Важную роль в популяризации русской литературы в Германии играл писатель и критик Аким Волынский (псевдоним Хаима Лейбовича Флексера, 1863–1926), который сам перевел на немецкий язык свои труды «Книга великого гнева» («Buch des gro?en Zorns», 1904) и «Царство Карамазовых» («Das Zarentum der Karamazovs», 1901). Хорошо образованный филолог и историк искусства, Волынский представлял тот тип идеалистической критики, которая все активнее развивалась в России от Аполлона Григорьева до эпохи символизма. Именно Волынский способствовал приобщению к русской духовной культуре Райнера Марии Рильке, Лу Андреас-Саломе, Томаса Манна и др.
Рассуждая о Достоевском, он видит в нем «пророка гнева», устанавливает связь его художественного творчества с мировоззрением, дает символическое толкование сюжетных событий в его романах. Немецкими преемниками подобного рода культурно-исторической интерпретации Достоевского являются в середине 1920-х годов Карл Нетцель и искусствовед Юлиус Мейер-Грефе.
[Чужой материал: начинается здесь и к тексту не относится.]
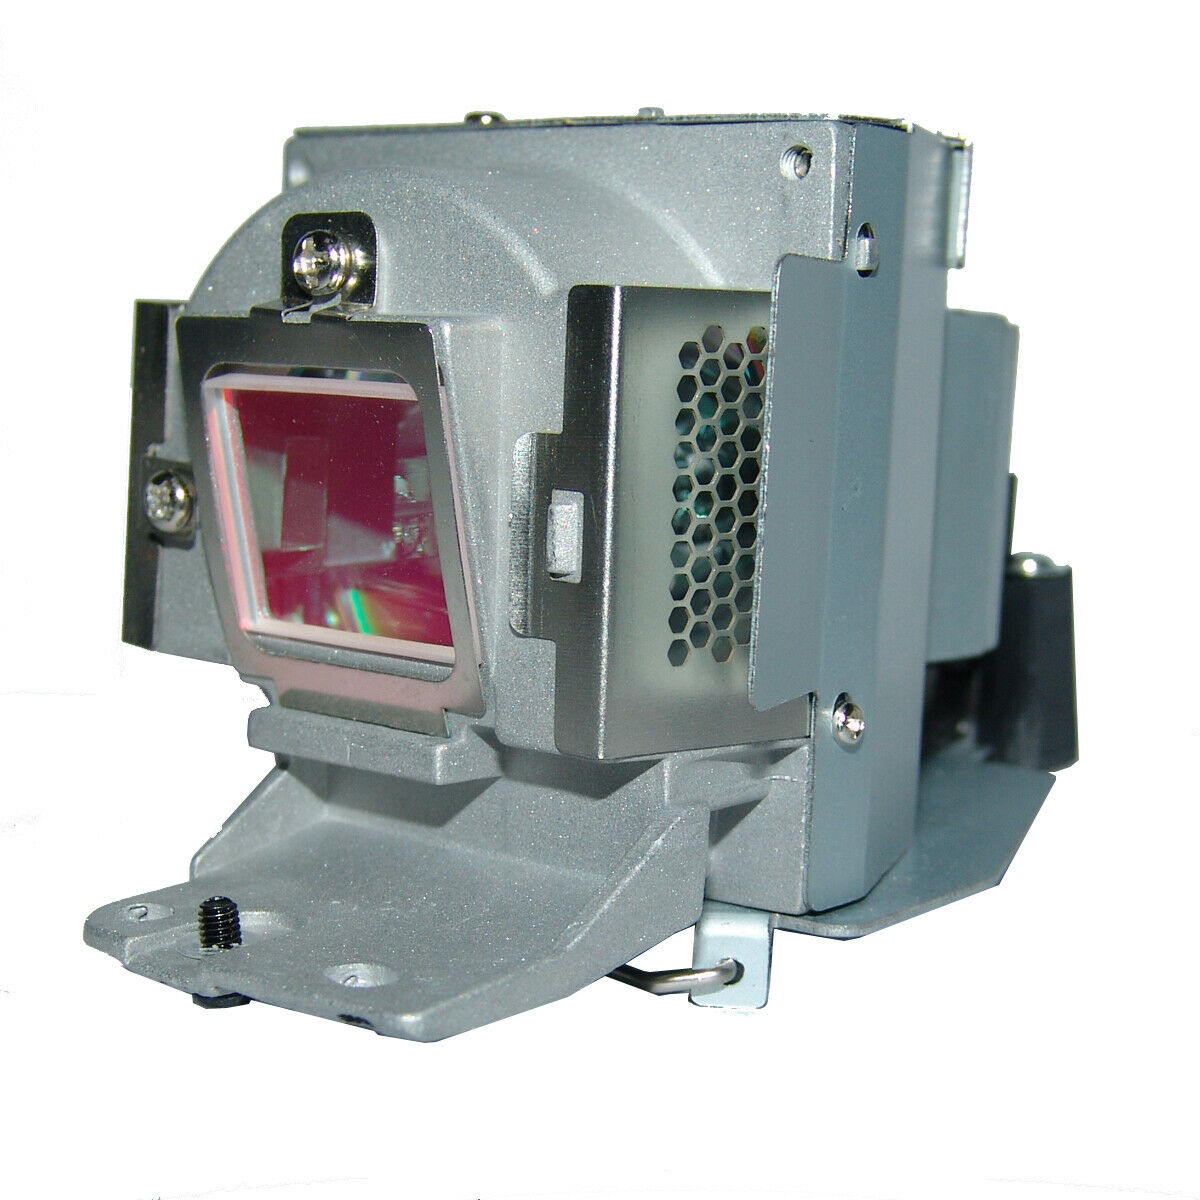 BENQ projektor lampe kompatibel 5J. J9W05.001 Projektor Lampe für BENQ MW665 projektoren

Большое влияние на распространение русской литературы не только в Германии, но и в Европе в целом оказали датский литературный критик, писатель и философ Георг Брандес (1842–1927) и французский дипломат и литературный критик Эжен Мельхиор де Вогюэ (1848–1910). В конце XIX века Брандес, убежденный ницшеанец, знакомил публику с современной русской прозой, постоянно выступая с докладами и публикуя результаты своих исследований. Он стал одним из первых серьезных исследователей Толстого и Достоевского («Ф. М. Достоевский. Эссе» в журнале «Deutsche Litterarische Volkshefte»), особенно его интересовала линия Ницше – Достоевский. Известность Брандесу принесла шеститомная история европейской литературы, постоянно переиздававшаяся начиная с 1882 года, – «Литература XIX века в ее главных течениях» («Die Literatur des 19. Jahrhunderts in ihren Hauptstr?mungen dargestellt»). Вогюэ, известный также и своими переводами русских писателей, опубликовал в 1886 году книгу «Русский роман» («Le roman russe»), в котором главное внимание уделено философскому и религиозному значению прозы Толстого и Достоевского.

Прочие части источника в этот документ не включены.